Обращая внимание не только на различие, но и на сходство далеких друг от друга литератур, возможно выявить в них некоторые черты, кажущиеся на первый взгляд случайными, но приобретающие определенный смысл в мировом литературном процессе. При этом важнейшее значение получает метод исследования подобных явлений. Приведем пример.

Сопоставляя описание беспокойного впечатления, произведенного на героя висящим над камином портретом в рассказе В. Ирвинга «Таинственный портрет», с чувством страха, испытываемого художником в повести Гоголя «Портрет», Г.И. Чудаков приходит к выводу, что сходство между повестями В. Ирвинга и Гоголя довольно близкое. «Объяснить его можно тем, что именно описание страха, возбуждаемого портретом, у Вашингтона Ирвинга произвело сильное впечатление и на самого Гоголя, читавшего, конечно, “Атеней”, где был помещен перевод “Таинственного портрета” в 1829 году, и первая мысль о “Портрете” могла зародиться у него под влиянием чтения названной повести, вследствие чего сцена, наиболее поразившая Гоголя, отразилась и в его произведении»[35].

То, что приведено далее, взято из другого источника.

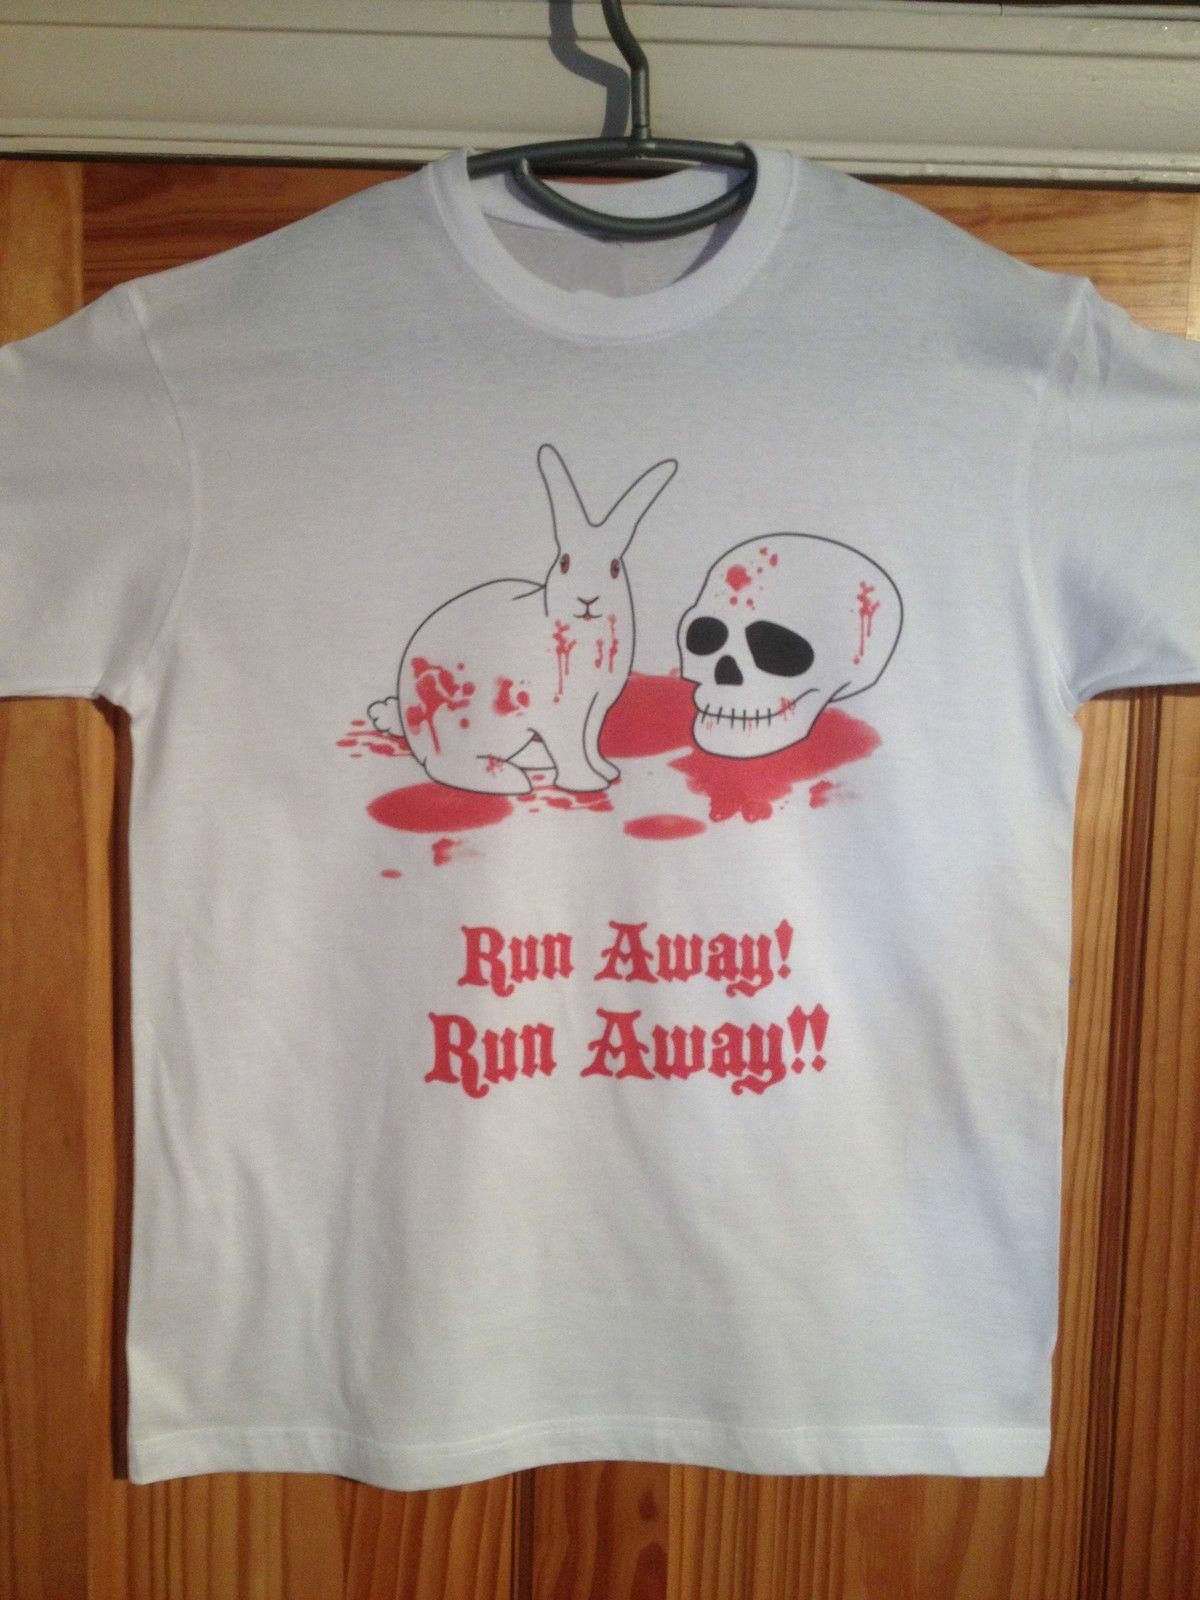 6950990c6 Monty Python T Shirt Killer Rabbit Away Holy Grail Print T Shirt Men Summer  Style Fashion Top Tee Men Summer T Shirt Shopping T Shirt Online Cool T  Shirt ...

Рассуждения исследователя безупречны в отношении фактов. Действительно, вполне вероятно, что Гоголь читал рассказ Ирвинга, переведенный в журнале «Атеней». Однако необъяснимым остается главное – почему среди всего, что читал Гоголь и в «Атенее» (где печатались повести не только Ирвинга, но и Л. Тика, отрывки из романа Купера «Пионеры» и другие переводы), и в иных журналах и книгах, его внимание обратилось именно к тому или другому произведению. Лежит ли причина интереса Гоголя в сочинении иностранного автора, или смысл обращения Гоголя к Ирвингу или другому писателю заключается не в них, а в самом Гоголе? Таково различие компаративистского и историко-литературного подхода к феномену, который принято обозначать словом «влияние». Научно объяснить факт близости повестей Ирвинга и Гоголя как проявление общих типологических тенденций развития романтической повести позволяет теория активного отбора, согласно которой представители одной национальной литературы обращаются к опыту другой национальной традиции в результате назревшей необходимости и потребности собственного литературно-художественного процесса.

3

Когда в 1834 г. Николай Полевой, приступая к рассказу о жизни русских крестьян, воскликнул: «Дай мне перо Ирвинга…»[36], за этим стояла уже многолетняя история восприятия американского писателя-романтика в России. Это афористическое восклицание передает восторженно-романтический настрой, с каким читался в пушкинскую пору Ирвинг.

С другой стороны, не следует преувеличивать значение подобных высказываний русских писателей. Когда современники Полевого стали говорить, что основанием для его исторического романа «Клятва при гробе Господнем» послужил «Шпион» Купера, Полевой решительно опроверг это утверждение. Его таинственный герой Гудошник совершенно не похож на героя куперовского романа. Редактировавшийся Полевым журнал писал по этому поводу: «У Купера изображен верный сын отечества, который… употребляет все силы и средства для его спасения… Но Иван Гудочник у Полевого и Блуд <в романе “Аскольдова могила”> у г-на Загоскина совсем другое: это люди, поклявшиеся мстить за отчизну, уже погибшую»[37].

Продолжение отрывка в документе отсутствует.